Task objective :: Skip the pictures. Transcribe the rest of the data below without changing a word.

Given data ::
+ + +

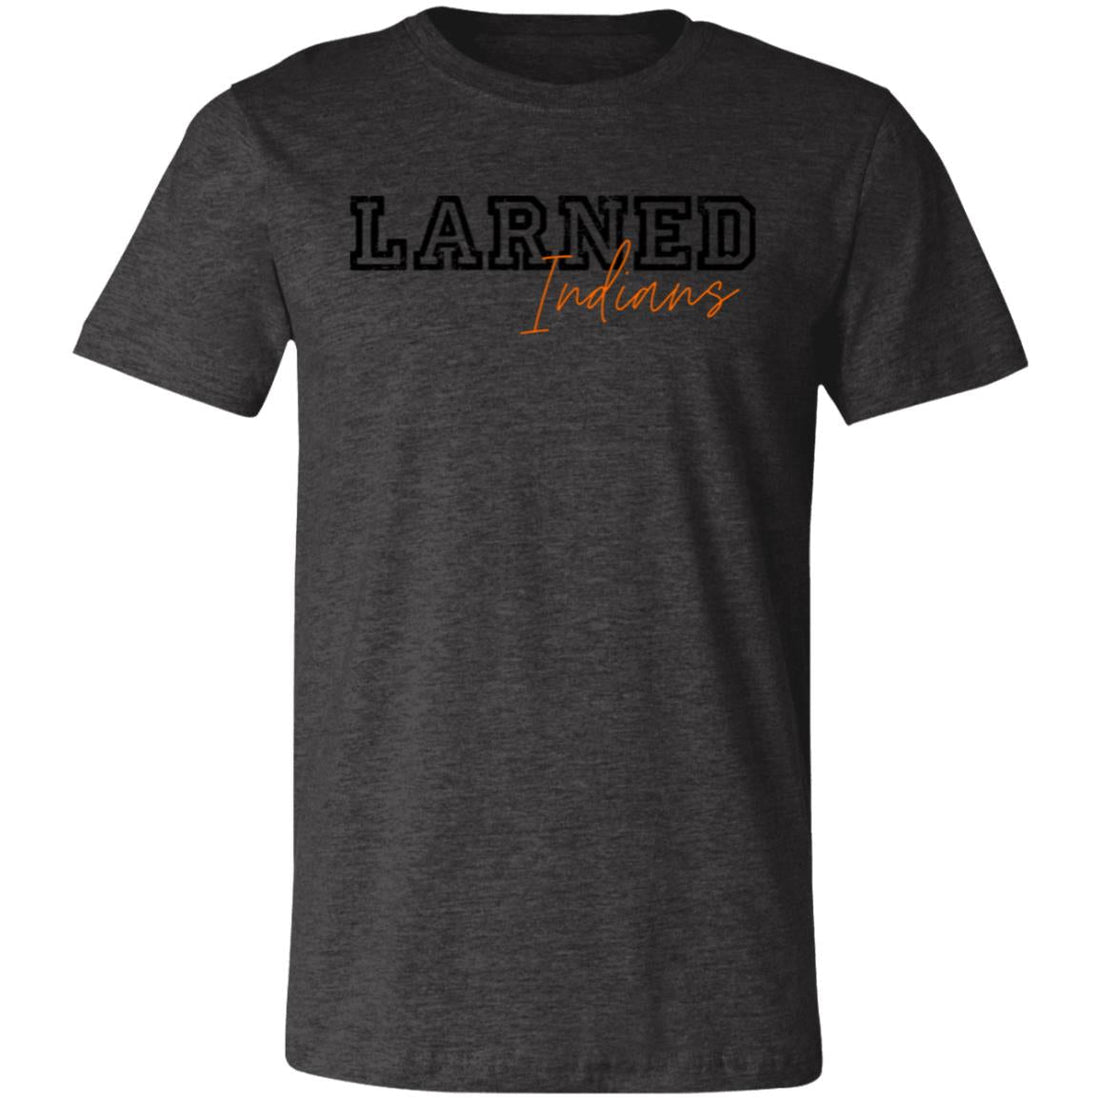 Larned Indians T-Shirt - T-Shirts - Positively Sassy - Larned Indians T-Shirt
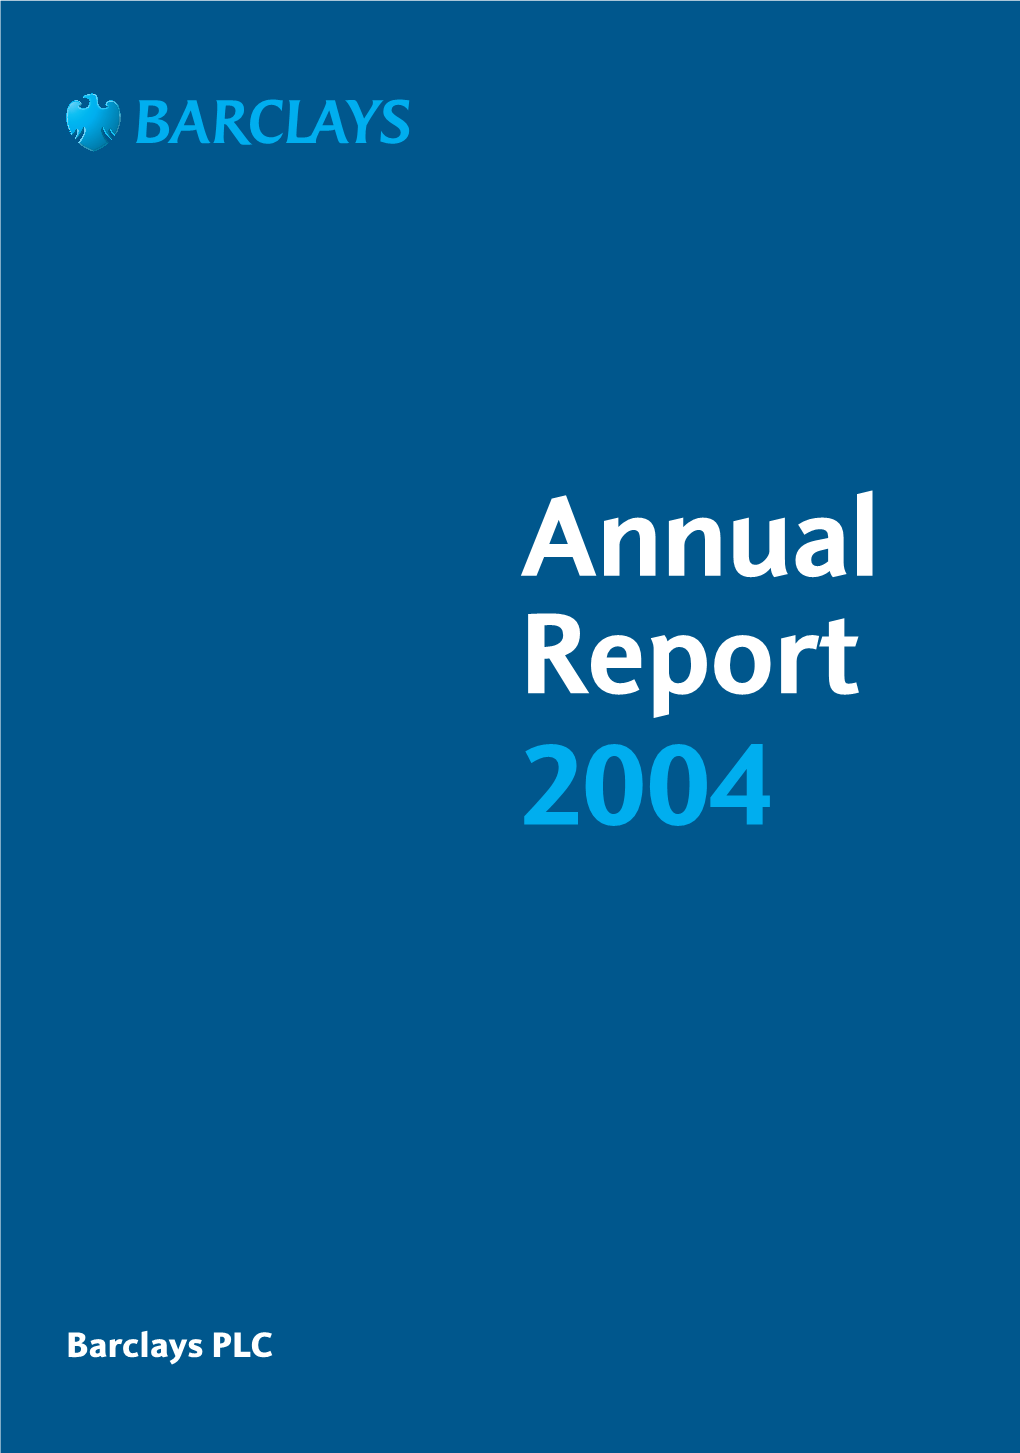 Barclays PLC Annual Report 2004
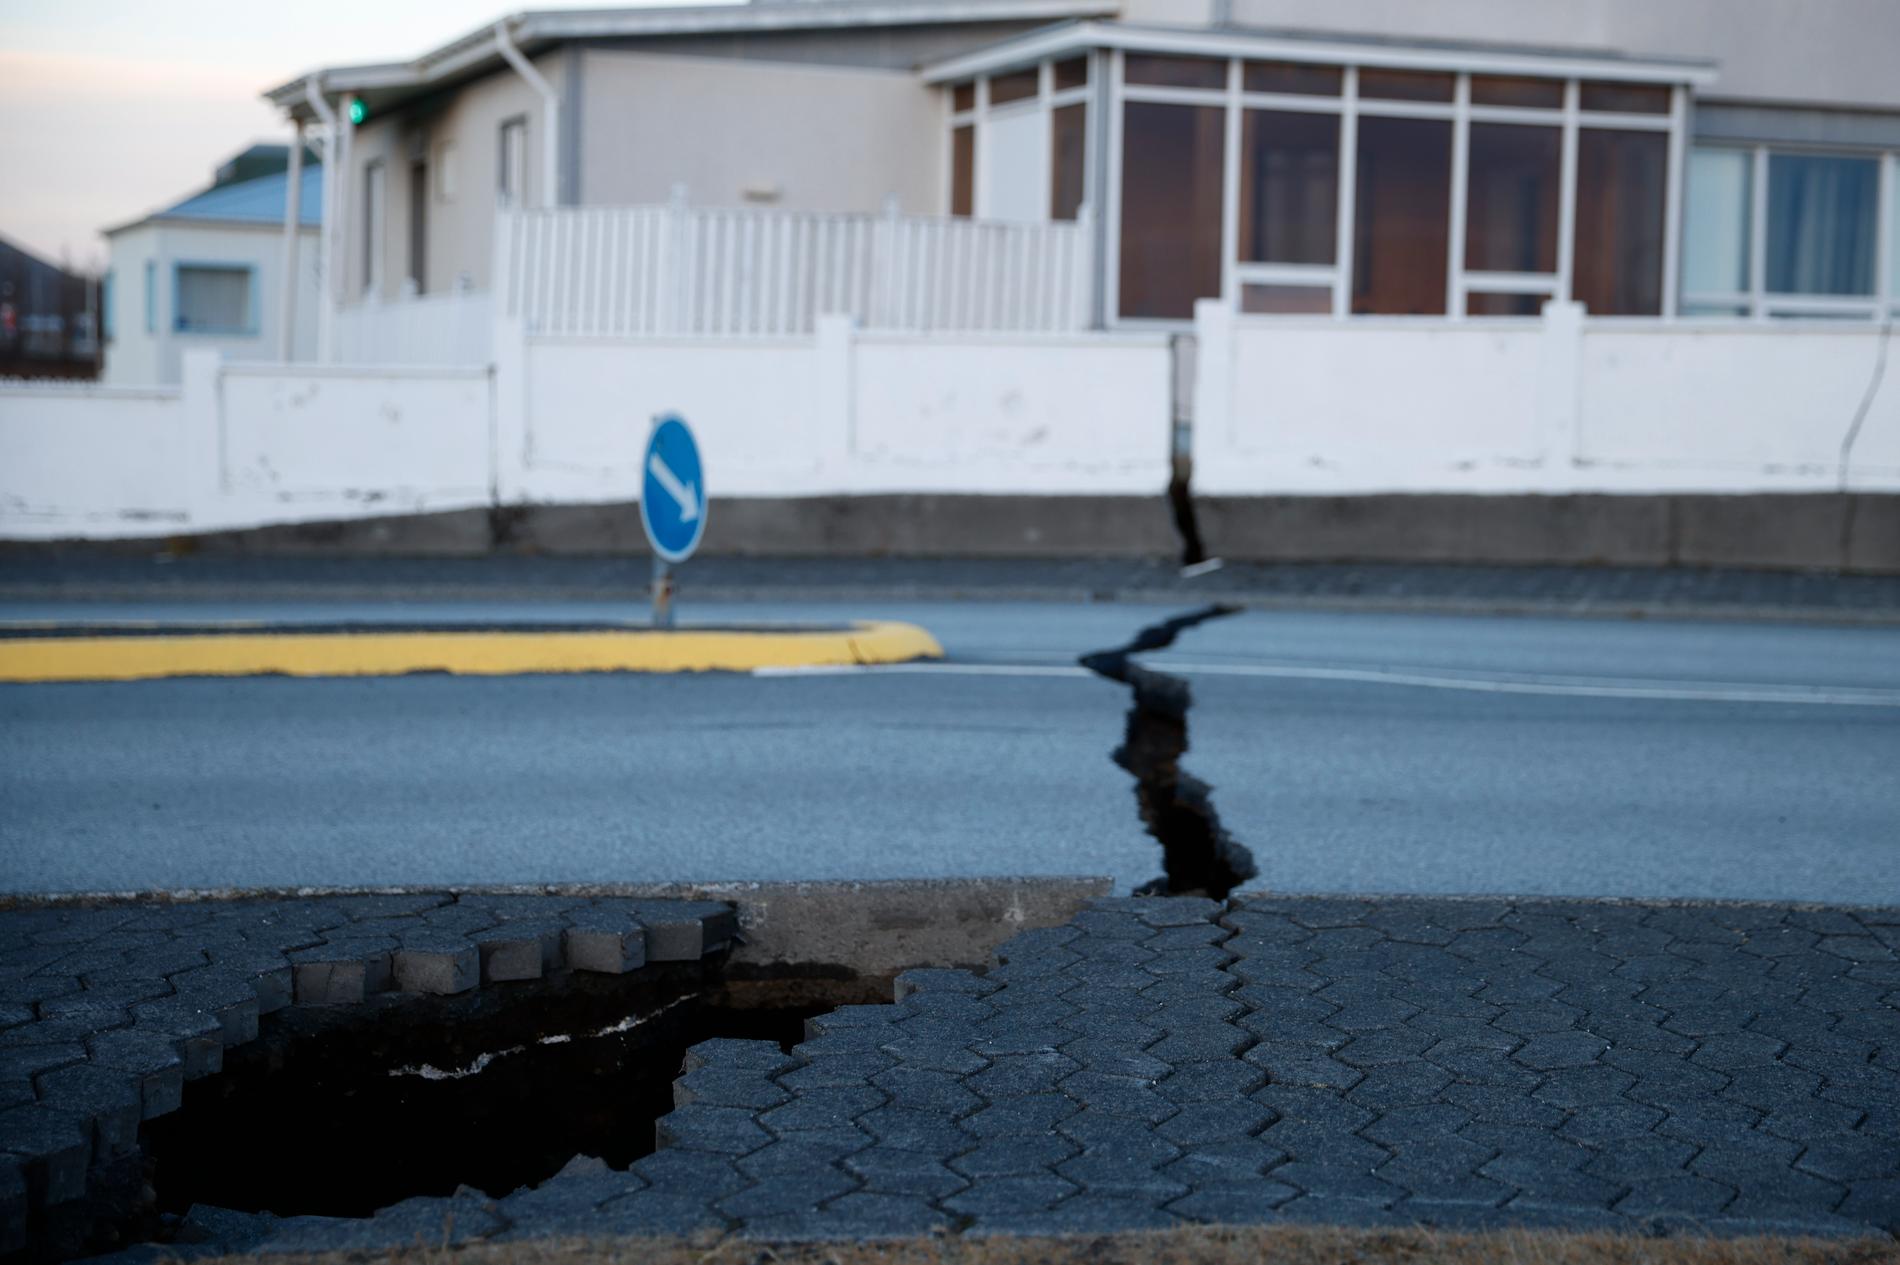 Destruction: The town of Grindavík has suffered severe damage in recent days.  It is still uncertain whether there will be a volcanic eruption or not.
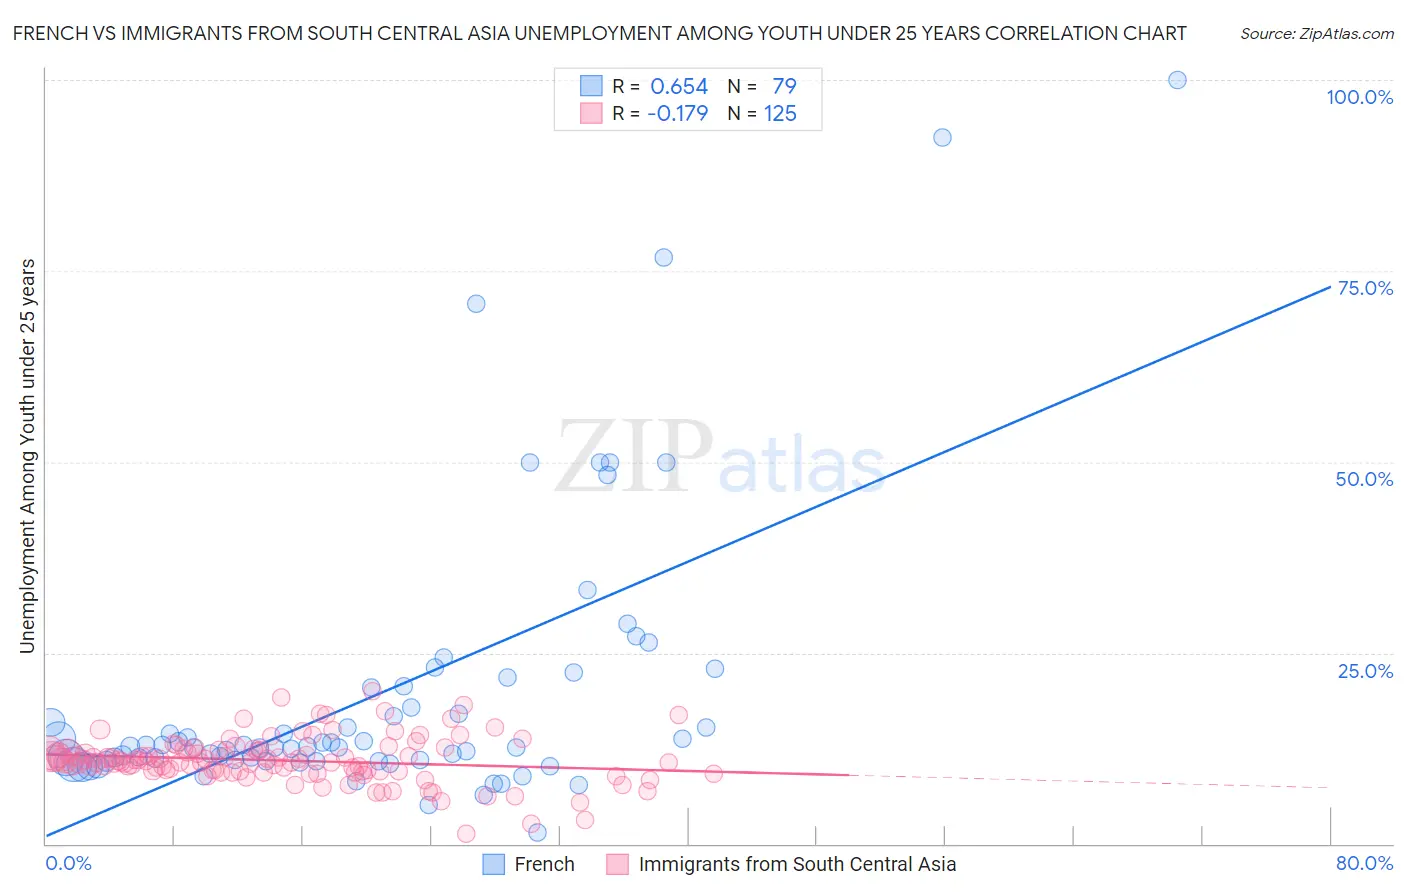 French vs Immigrants from South Central Asia Unemployment Among Youth under 25 years

+ + +

Task response ::
 Larned Indians T-Shirt - T-Shirts - Positively Sassy - Larned Indians T-Shirt
 Barclays PLC Annual Report 2004
 Destruction: The town of Grindavík has suffered severe damage in recent days.  It is still uncertain whether there will be a volcanic eruption or not.
 French vs Immigrants from South Central Asia Unemployment Among Youth under 25 years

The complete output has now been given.